I’m not sure if my grandma could sing at one time, but age made her voice a little creaky. My mom always sings high and off-key. I don’t sing. In fact, even when I’m required or expected to sing, I usually would just lip sync in high school choir, church and birthday parties.

But in those days, my grandma and I would get out the sheet music and sing a few songs, joyously and loudly. One of these was “I’m Looking Over a Four Leaf Clover,” the 1948 version by Art Mooney. (Apparently Willie Nelson also has a version of this song, but c’mon—do we really think he was looking for clover on purpose or he happened upon some while looking for a different type of harvest?)
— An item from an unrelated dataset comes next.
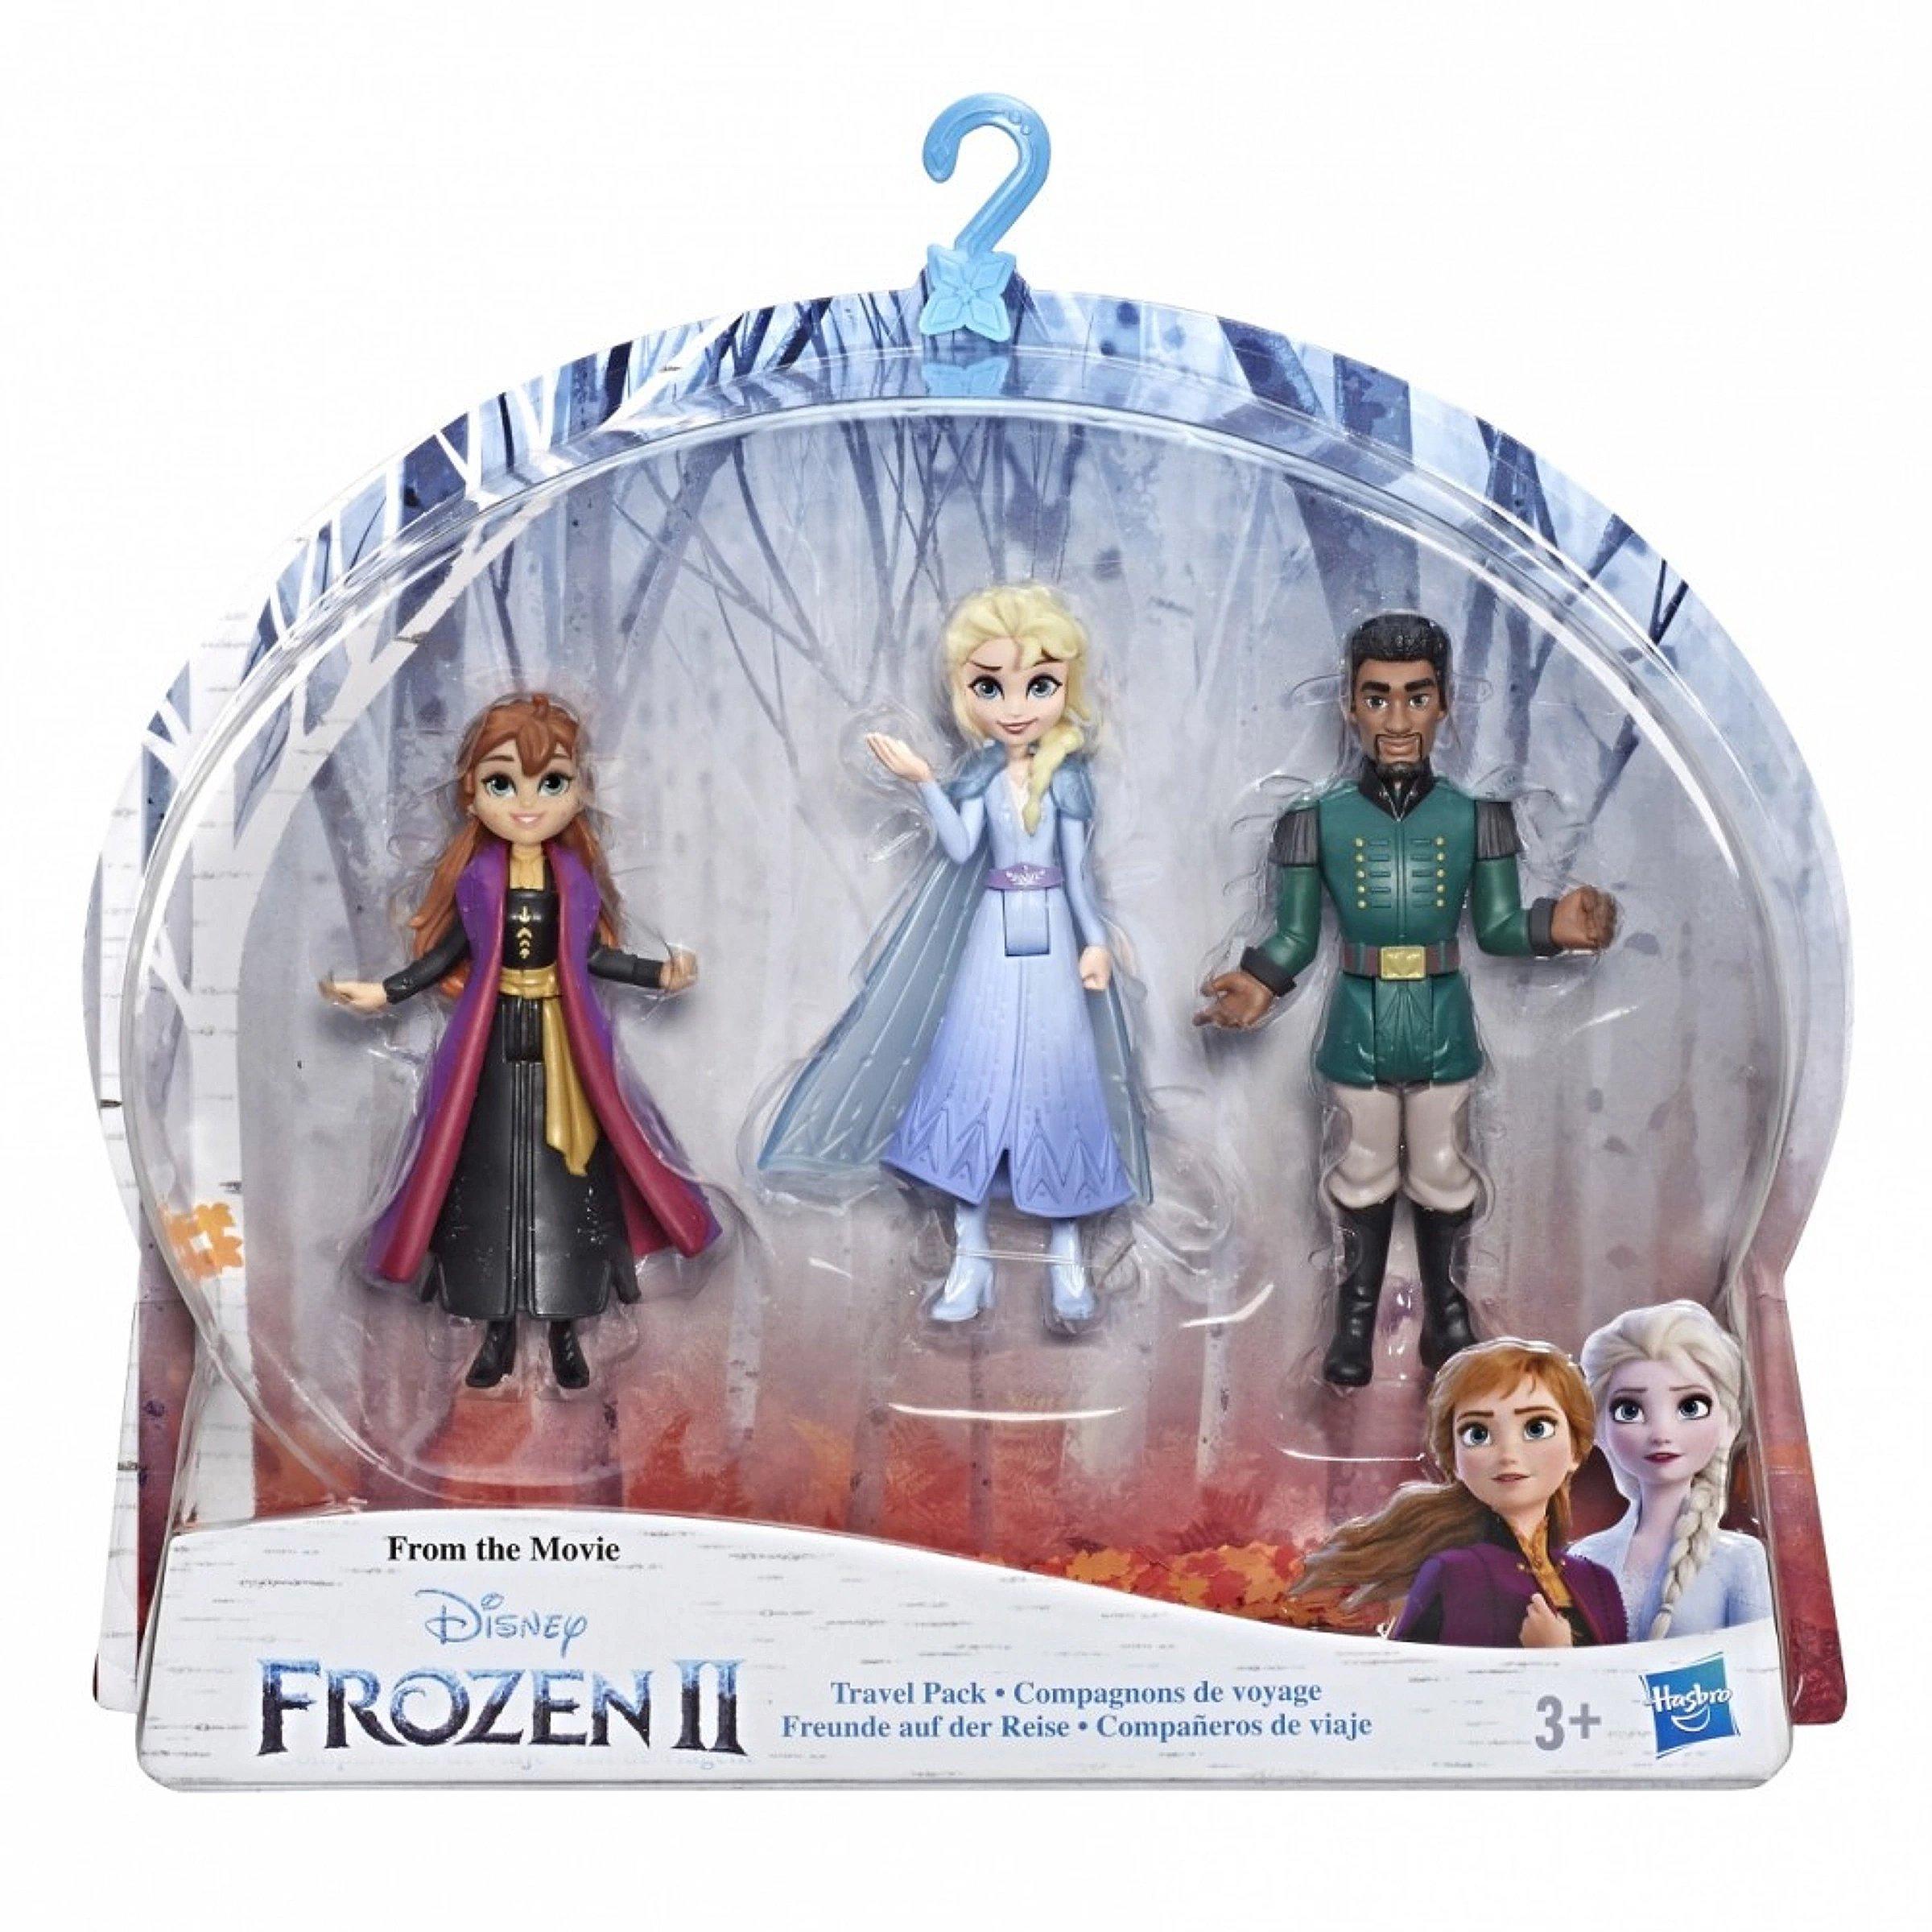 Disney Frozen Anna, Elsa, and Mattias Small Dolls 3-Pack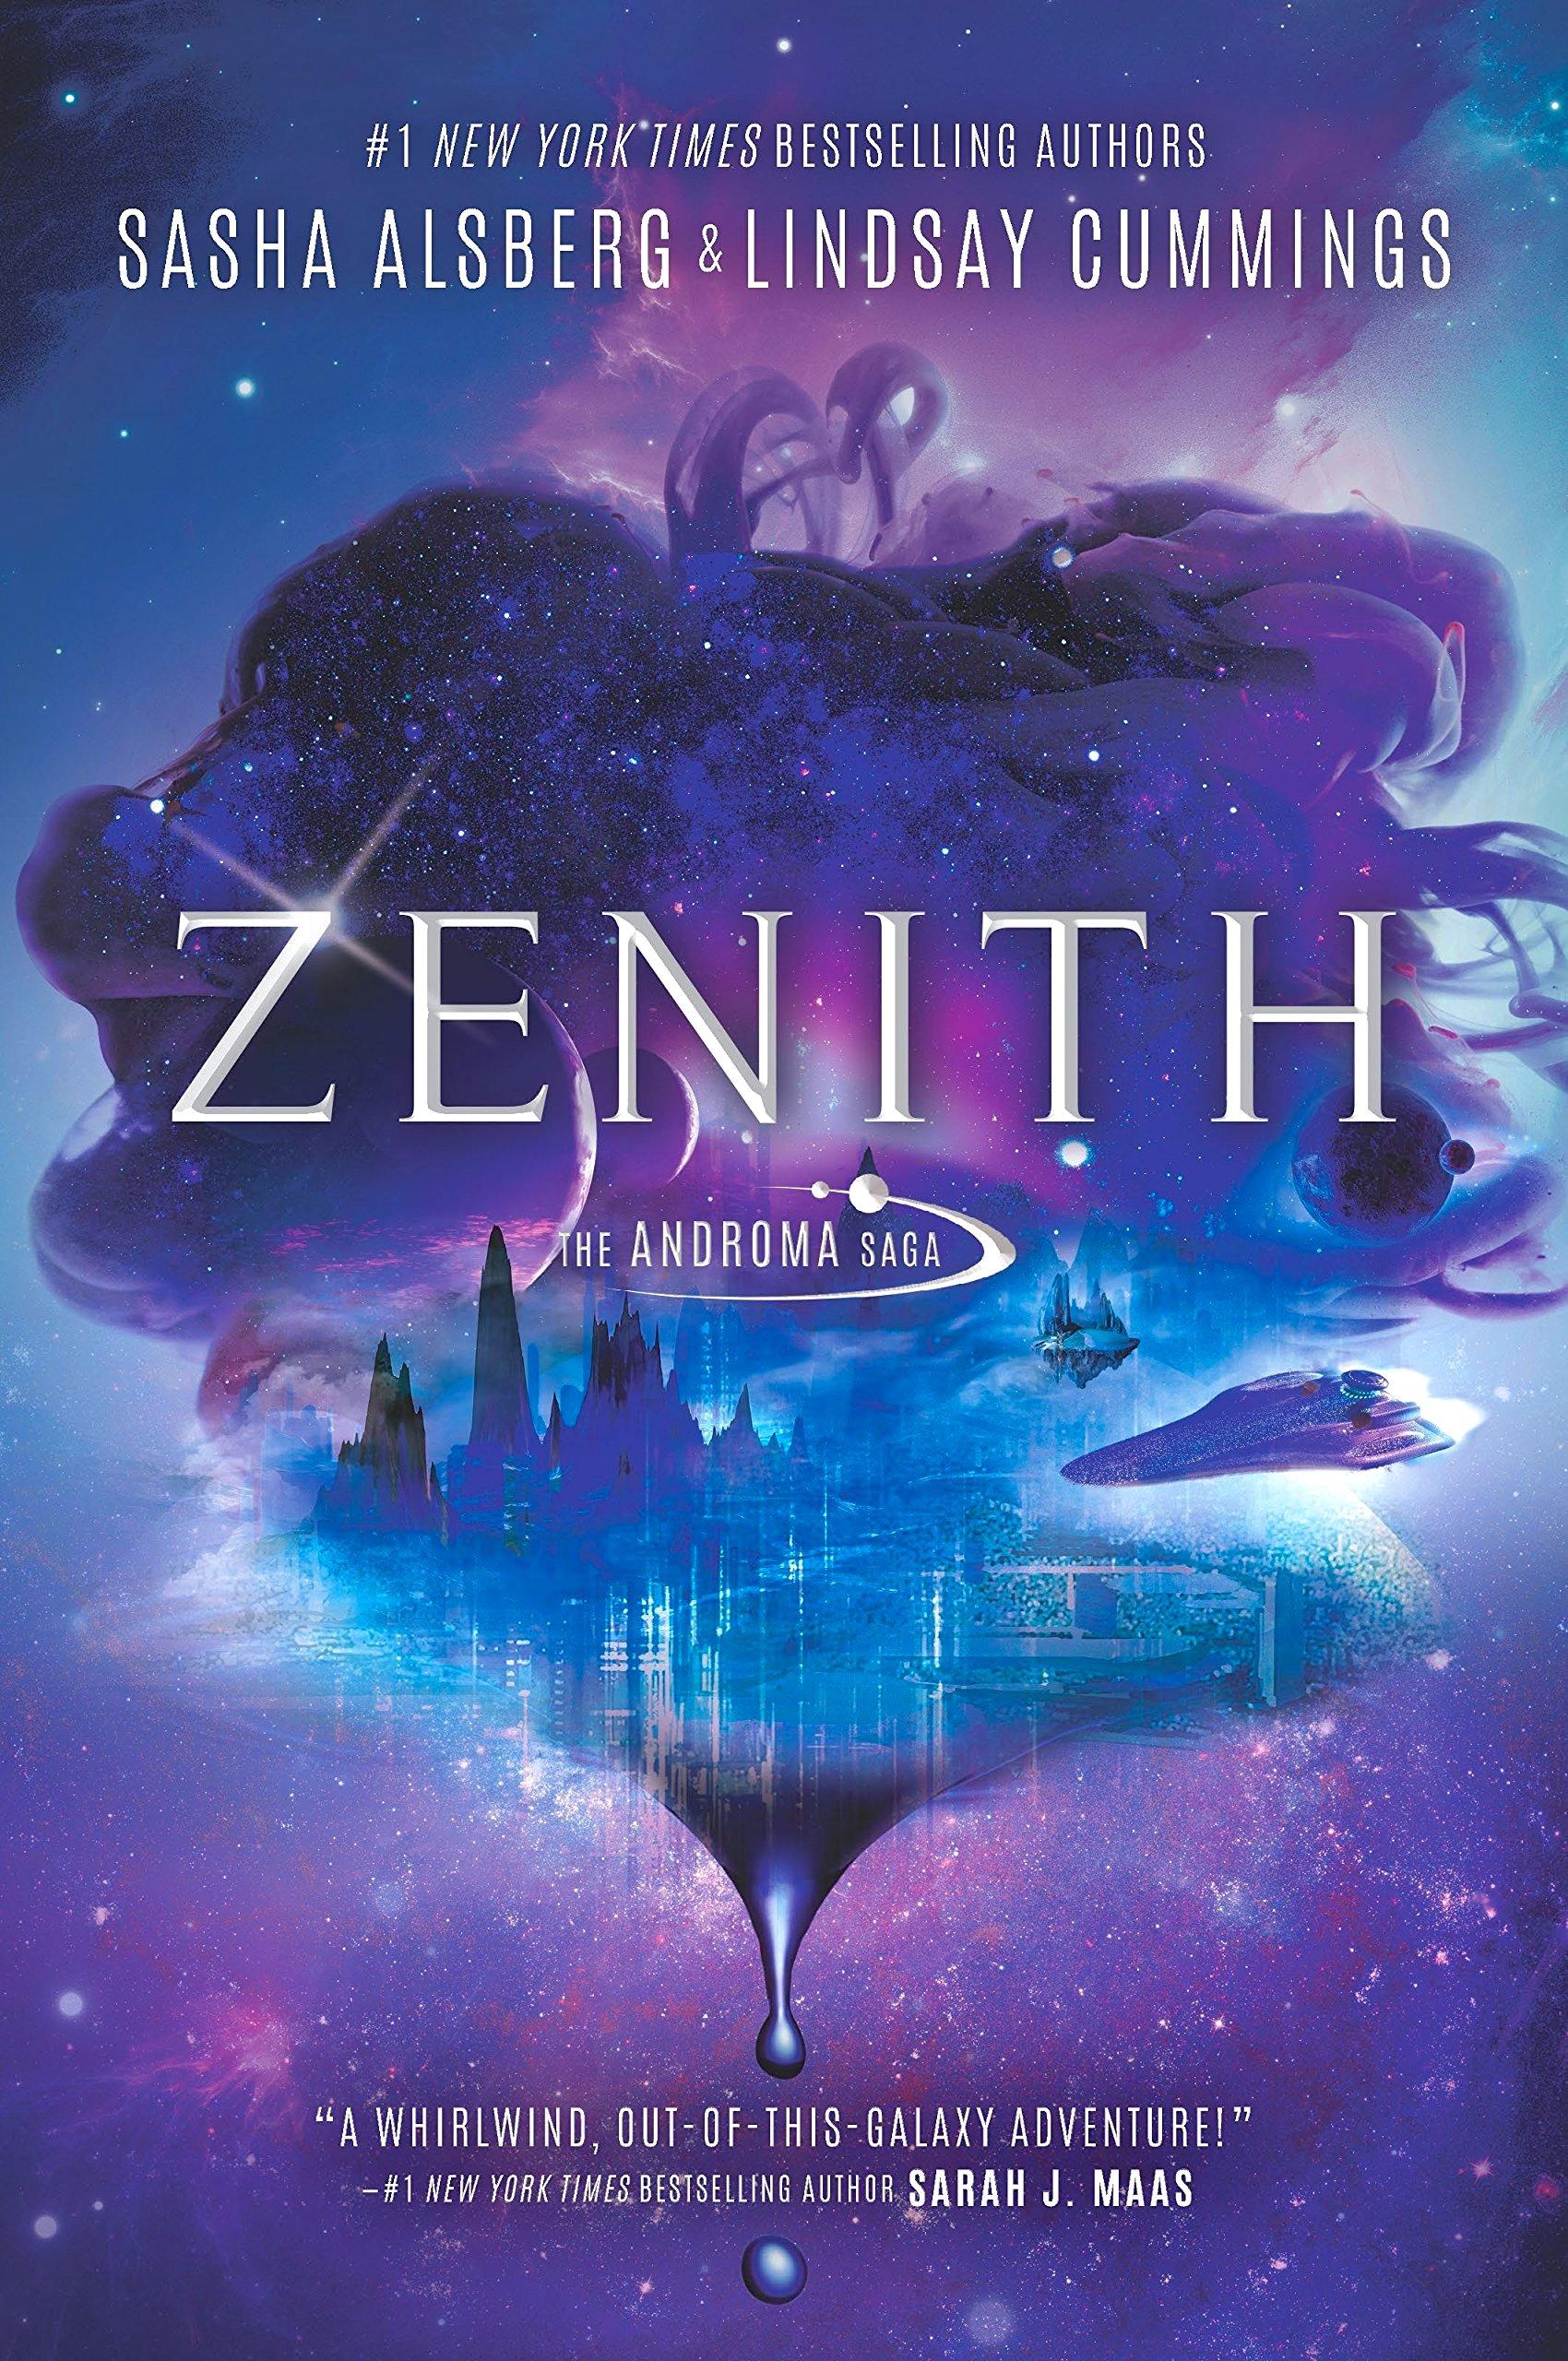 Zenith   The Androma Saga Wiki   FANDOM powered by Wikia

The other was “You Are My Sunshine.” The line, “So I hung my head and cried,” always sent me into fits of laughter. Not because I enjoyed dark lyrics—that would come later, during my goth years in high school and college. At 4, I wasn’t familiar with the term hanging your head, so I pictured this poor guy taking off his head and hanging it on a coat rack to cry and dry off. And that image is hilarious to a 4-year-old.

Since then, I don’t think I’ve ever really sang a song without some degree of self-consciousness or self-awareness. I got the picture when I was never picked for singing or dancing parts in grade school productions.

My grandma died in 2006, so I can’t ask her why we sang songs together, other than it seemed to be a lot of fun. That must have been the point. Just doing something fun even if you weren’t very good at it. I’m not sure that lesson stayed with me, as I stress out over everything from how I do on these interviews and tests to whether or not I’m doing all I should to beat cancer.

I wish my grandma could have seen me move to New York City, by far one of her favorite places in the world. She took me here first when I was 10 years old. She thought the city was so exciting and enjoyed interacting with so many people.

So I didn’t find a four-leaf clover the other day. But the next day, as I boarded the A train, a man was playing the guitar and singing. He was playing “You Are My Sunshine.”